Aslında 27 Mayısçı kopuk takımının yıkdığı düzen de pek matah birşey değildi. Ama en azından kendi tabii rayında ağır aksak da olsa bir sonraki istasyona doğru yol alıyordu.
Türkiye hâlen işte bundan 54 sene evvel geçirdiği sarsıntının molozlarını kaldırıp yıkılan ve hasar gören duvarlarını onarmakla meşgûl.
Diyebilirsiniz ki, 54 yıl süren onarım mı olurmuş?
Eğer olamaz ise daha hâlâ adam gibi bir anayasa bile yapamamış, yapmak şöyle dursun daha YAZAMAMIŞ olmamızı neye bağlıyorsunuz?
Dünyâda, niyetlenip de 54 sene bir anayasa metni kaleme almayı bile becerememiş başka millet var mı? Var da ben mi bilmiyorum?

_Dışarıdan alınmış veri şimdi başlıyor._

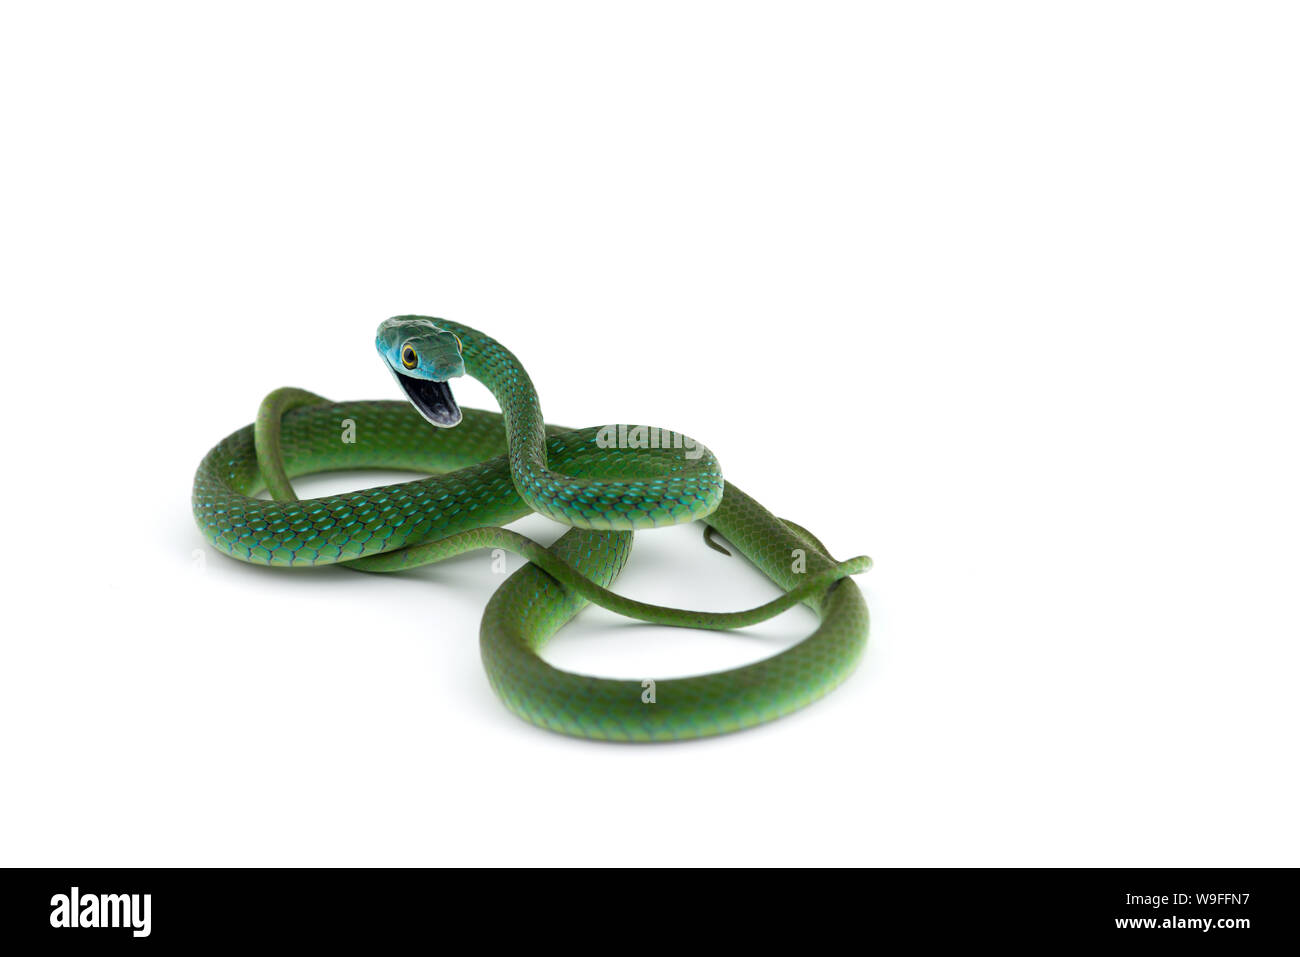 Northern macchia verde serpente isolato su sfondo bianco Foto Stock

Şâyet Türkiye o 27 Mayıs rezâletine mâruz kalmamış olsaydı tabiatıyla ne onun devâmı olan alenî ve üstü kapalı diğer kazan kaldırmalara dûçâr olacak ne de bir başbakanı ve iki bakanını kalleşçe katletmek zilletiyle lekelenecekdi.
Yeni ve düzgün bir anayasa ile onun gerektirdiği ek hukuksal düzenlemelere ise yine çokdan kavuşmuş olacakdık.
O bakımdan normal bir çoğulcu demokratik düzende ekonomimiz de şimdikine nazaran adamakıllı daha ileri bir düzeyde olacağından şimdi bizleri bunaltan bir alay pestenkerânî konular yerine gerçek konular üzerinde kafa yoruyor olacakdık.
Belki bermûtâd yine farkında olmayabiliriz ama o konulardan biri pek yakında kapımızı ha çaldı ha çalacak!
Irak konusundan bahsediyor ve bununla da kalmayarak bir Irak ve Sûriye meselemiz bulunduğu husûsuna dikkati çekmek istiyorum.
Rahmetli Turgut Özal demişdi ki “Irak Kürdistanı ve KKTC ile bir federasyonu gidebiliriz.”
Zâten bu ve buna benzer daha bir iki cümlesi yüzünden “katli vâcib oldu” sanıyorum.
İnsan hayâtı da tıpkı döviz kurlarına benzer. Bâzı ülkelerde pahalı bâzılarında ucuzdur.
Ama Rahmetli’nin o günler söylediğini bugün hafif tedrtib aktüalize etmek lâzım:
Sâdece Irak Kürdistanı ve KKTC ile değil bütün Kıbrıs ve Sûriye Kürdistanı ile de bir federasyona gidebiliriz.
Bunu isteyen istediği şekilde değerlendirebilir.
Ancak kimse şunu unutmasın ki böyle bir mecbûriyet hissetmek Türkiye için fevkalâde ağır mükellefiyetler ve mâlî yükler getirecek bir “görev” olur.
Öte yandan ülkemizin târihî sorumlulukları bizlere böyle bir görevden yan çizmek imkânını da pek bahşetmiyor.
Haydi, bir anekdotla tatlıya bağlayalım:
Bir toplantıda herkes neş’eli bir tarzda gülüp oynaşıp şakalaşırken Balzac çok düşünceli ve somurtkan bir havayla bir kenarda oturup duruyormuş.
Geceyarısına doğru, eğlencenin artık iyice kıvâmını bulduğu bir an yerinden fırlayarak dansedip fingirdeşenlere seslenmiş:
“Gerçeğe dönelim lütfen! Eugénie Grandet kiminle evlenecek?”
LÂNET: Kedisine saatlerce işkence edip üstelik cançekişmesini de videoya kaydederek sağa sola göstermek alçaklığına tevessül eden CAN AKSOY adlı nâmussuzu, bu şerefsizi ve bu vicdansızı lânetliyorum! Allah belâsını versin!